The decision to sell off the Australian arm of Urbanest comes after a strategic review of the business, and the market is already teasing a more than $2 billion price tag of the platform which currently has 15 assets and around 7,500 beds.
“We are well positioned to be an industry consolidator in what is currently a growing yet fragmented market”
“Urbanest Australia is the largest and longest standing owner-operator of PBSA in Australia,” said Urbanest Australia chief executive David Munro.
“Our full-service platform, underpinned by 11 years of acquisition, development and operational expertise, means we are well positioned to be an industry consolidator in what is currently a growing yet fragmented market.”

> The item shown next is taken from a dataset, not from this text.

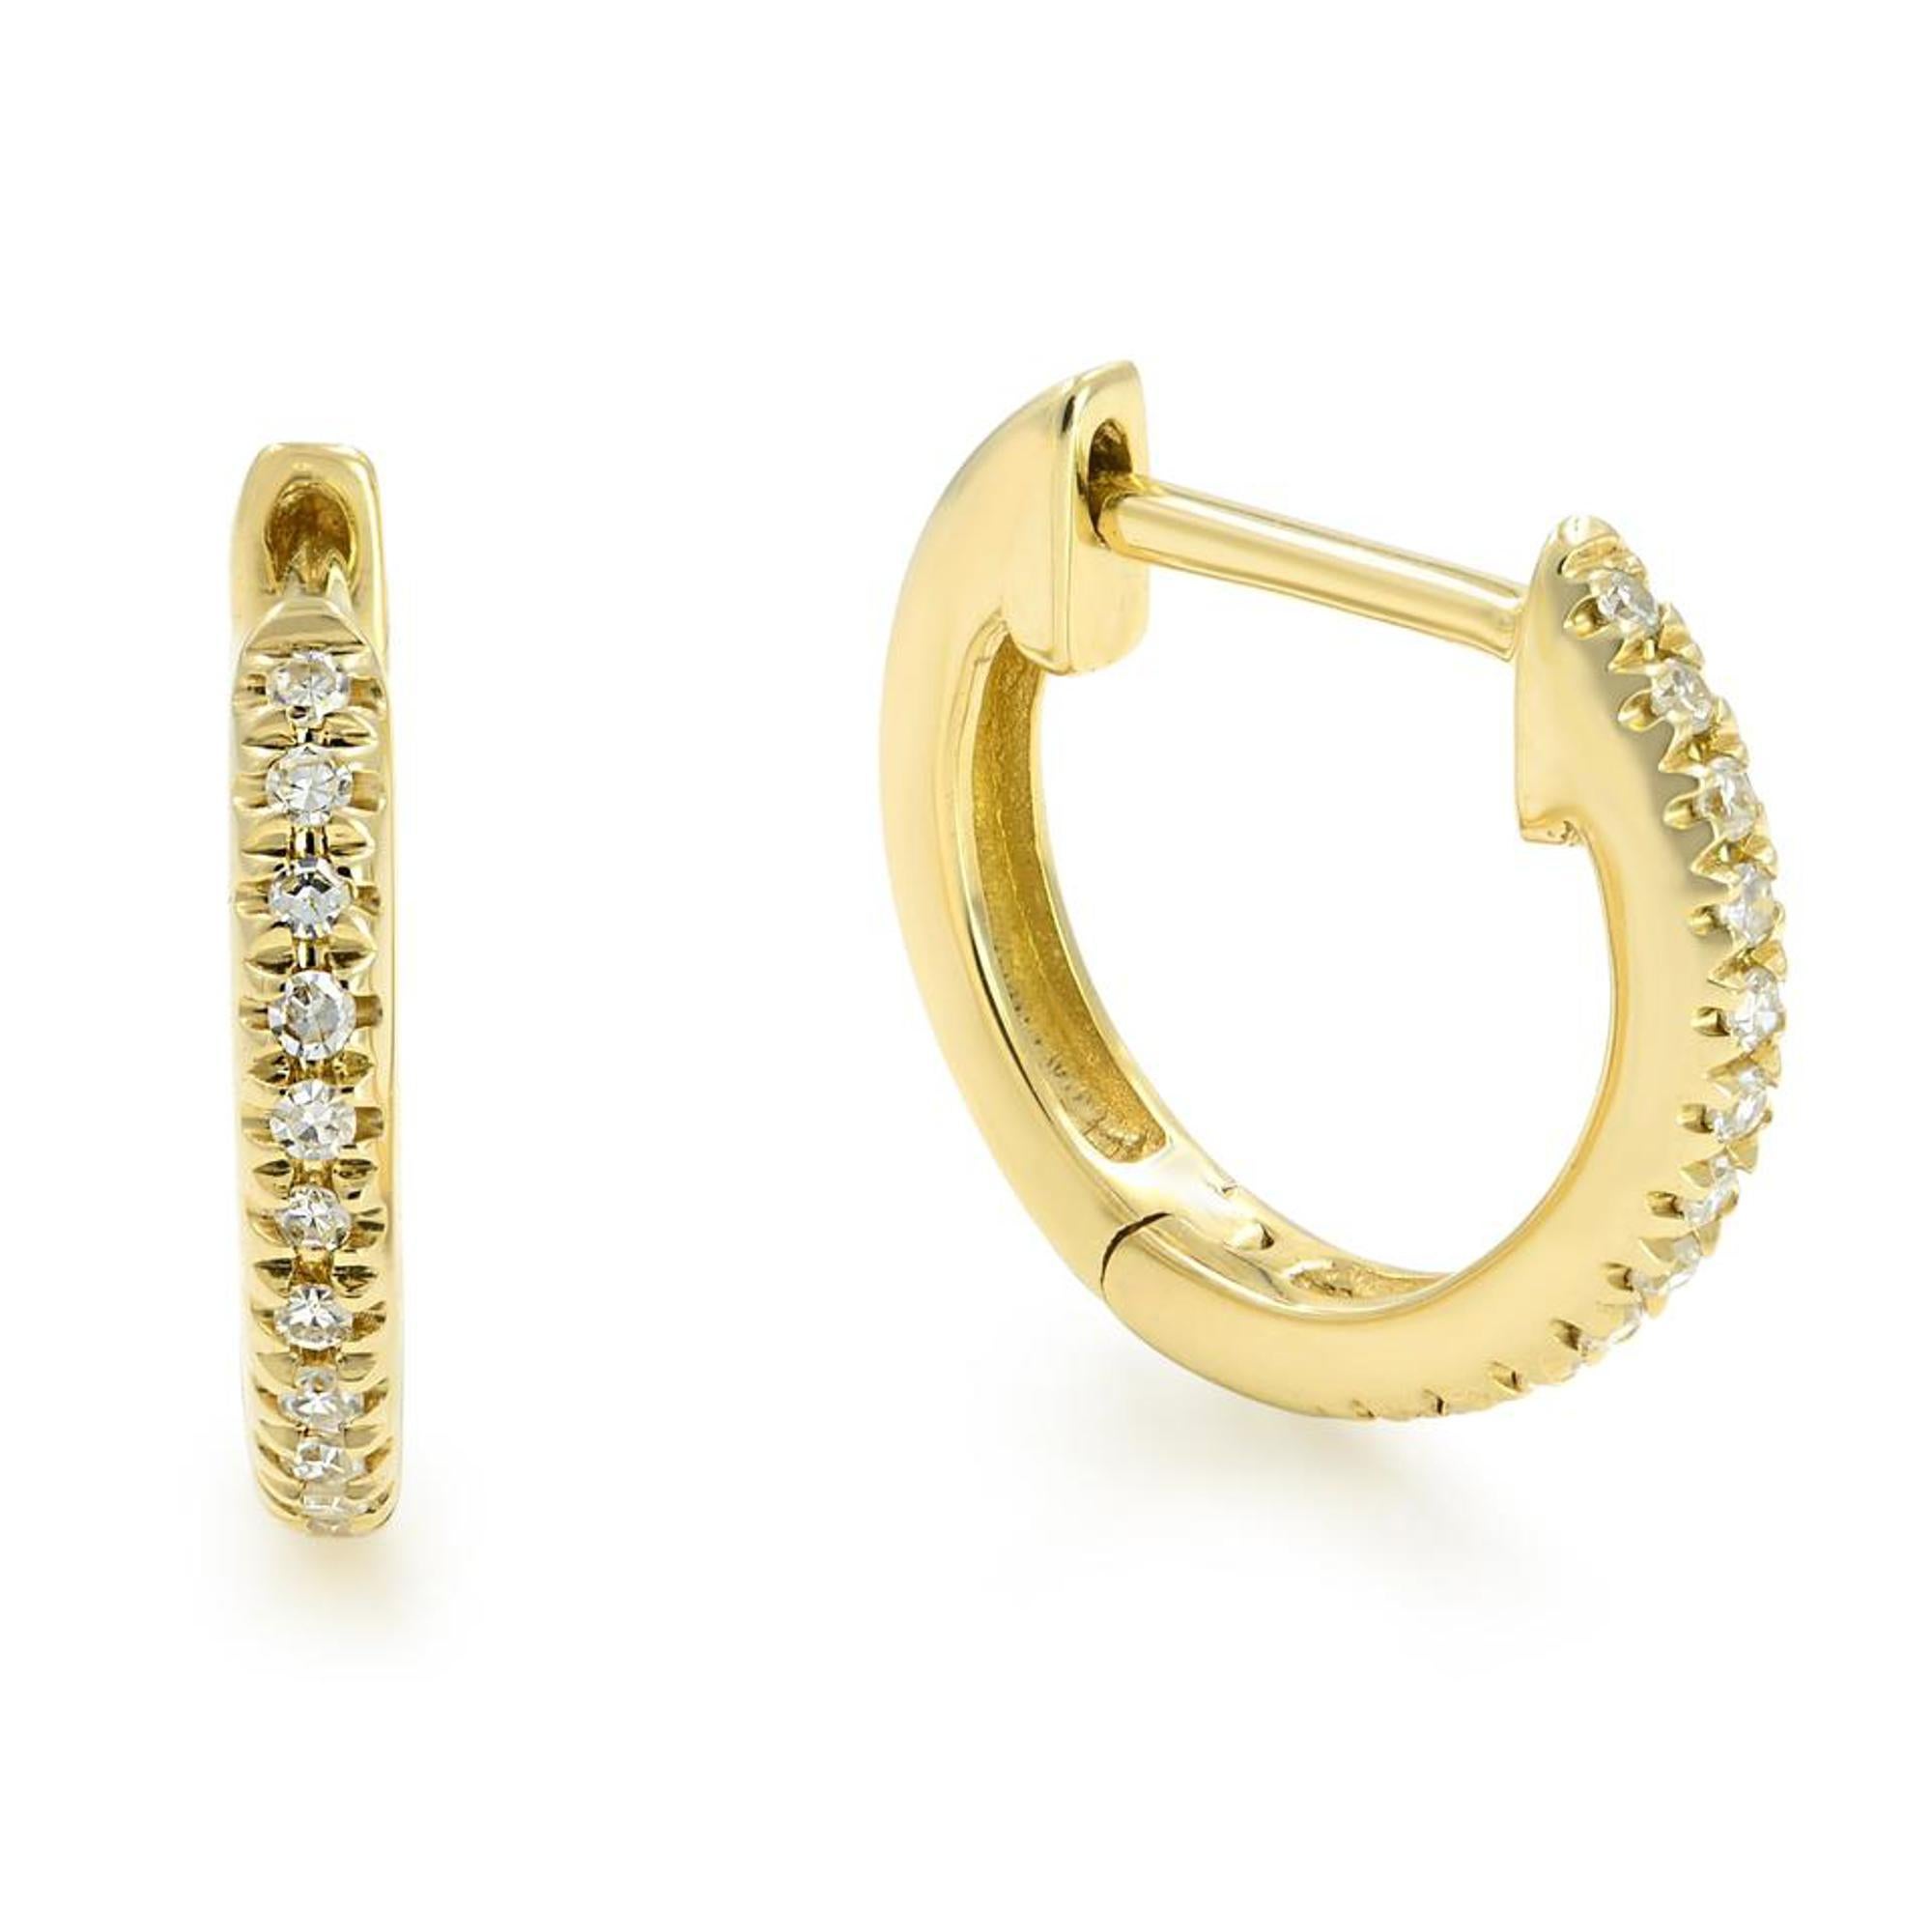 Round Cut Rachel Koen Pave Diamond Huggie Earrings 14K Yellow Gold 0.08Cttw For Sale

Established in 2008, Urbanest Australia has seen strong demand from both international and domestic students in a market underpinned by low PBSA supply. Savills research found Australia had a full-time student to bed ratio of 10.5, double that of the US and more than triple that of the UK.
Research undertaken by Cohort Go also found a large proportion of international students were dissatisfied with accommodation options available in Australia, scoring 57 out of 100, a result seen as a substantial opportunity for PBSAs.
According to the accommodation provider, current infrastructure could also support an additional 20,000 beds over the next five years.
Urbanest Australia, which has sites in Sydney, Melbourne, Brisbane and Adelaide, is forecast to have a net operating income of almost $100 million in 2020, which is expected to grow to $125 million by 2024 with the opening of its latest site in Melbourne.
According to Cohort Go’s research, almost two-thirds of international students in Australia chose a private rental, while less than 10% chose a PBSA.